It is well settled that supervisors, such as Fagundo, Olivera and Figueroa, may be found liable under Section 1983 on the basis of their own acts or omissions; liability may not be predicated upon a theory of respondeat superior. Barreto-Rivera v. Medina Vargas, 168 F. 3d 42, 46 (1st Cir. 1999). A supervisor may be found liable if the "supervisor's conduct or inaction amounted to a reckless or callous indifference to the constitutional rights of others." Gutierrez-Rodriguez v. Cartagena, 882 F.2d 553, 562 (1st Cir. 1989).
Plaintiffs have patently failed to establish a claim against Fagundo, Olivera and Figueroa under the supervisory liability doctrine.
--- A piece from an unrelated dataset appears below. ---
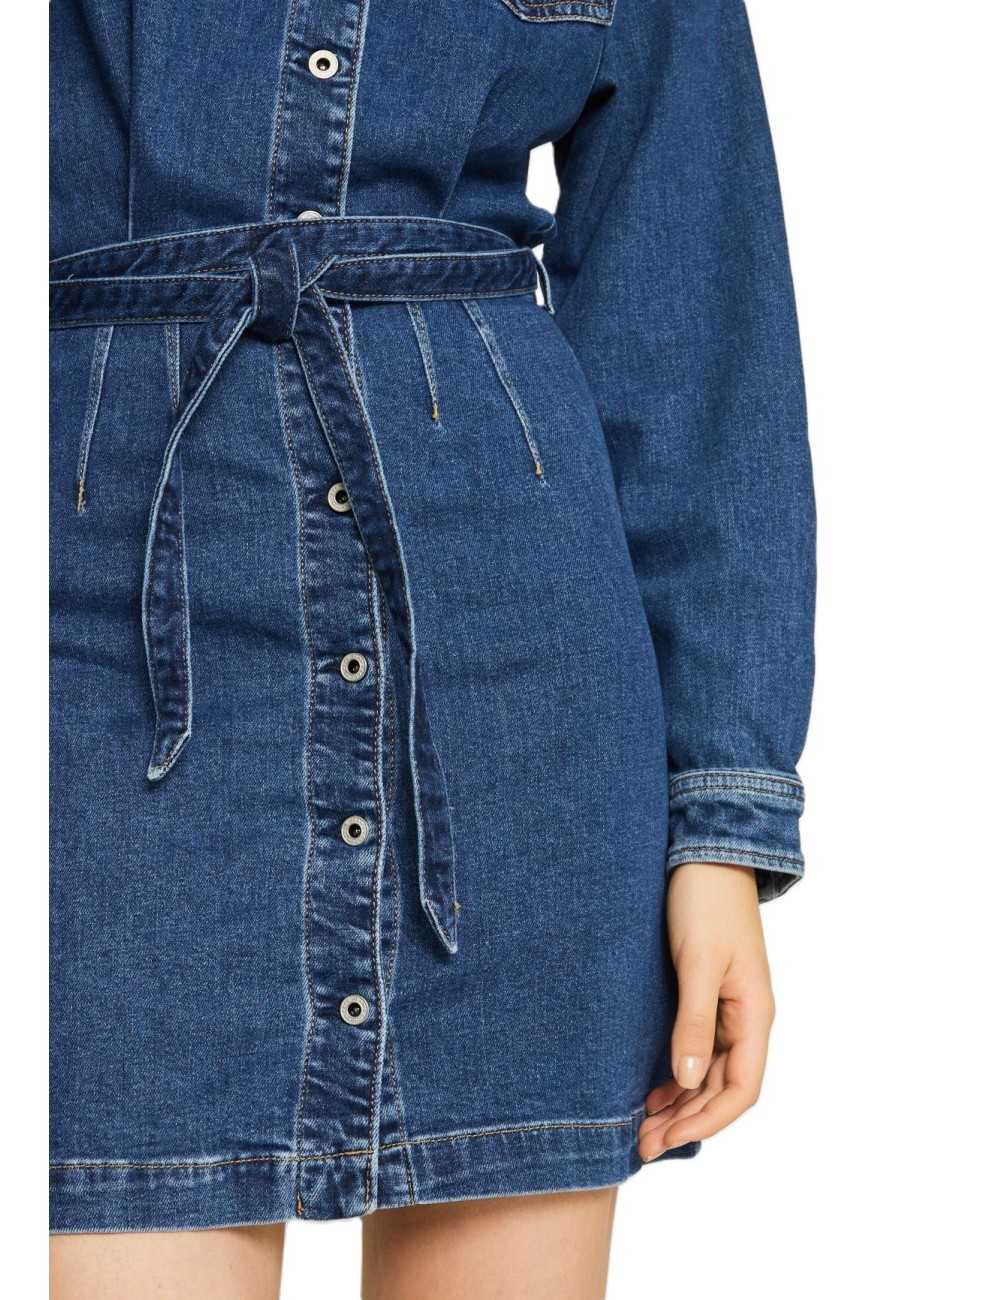 Pepe Jeans abito corto Selena in jeans denim - Abiti Donna

No facts are provided that could lead the Court to find that there is a plausible causal link between said co-defenants' conduct and the insufficiently alleged malicious prosecution.
Finally, Plaintiffs also claim that two employees of the Puerto Rico Transportation Department, Correa and Torres, were directly involved in the theft of Ortega's identity and provided false information to the PRPD. The Amended Complaint does not provide any further details regarding their conduct. Clearly the bare facts proffered are not enough to "nudge [plaintiffs'] claims across the line from conceivable to plausible." Twombly, 550 U.S. at 570.
Given the above, the Court declines to exercise supplemental jurisdiction over Plaintiffs' state law claims.
CONLUSION
For the reasons set forth above, the Court hereby GRANTS the Motion For Judgment on the Pleadings (Docket Nos. 67, 70). The case shall be dismissed in its entirety.
IT IS SO ORDERED.
In San Juan, Puerto Rico, this 14th day of February, 2011.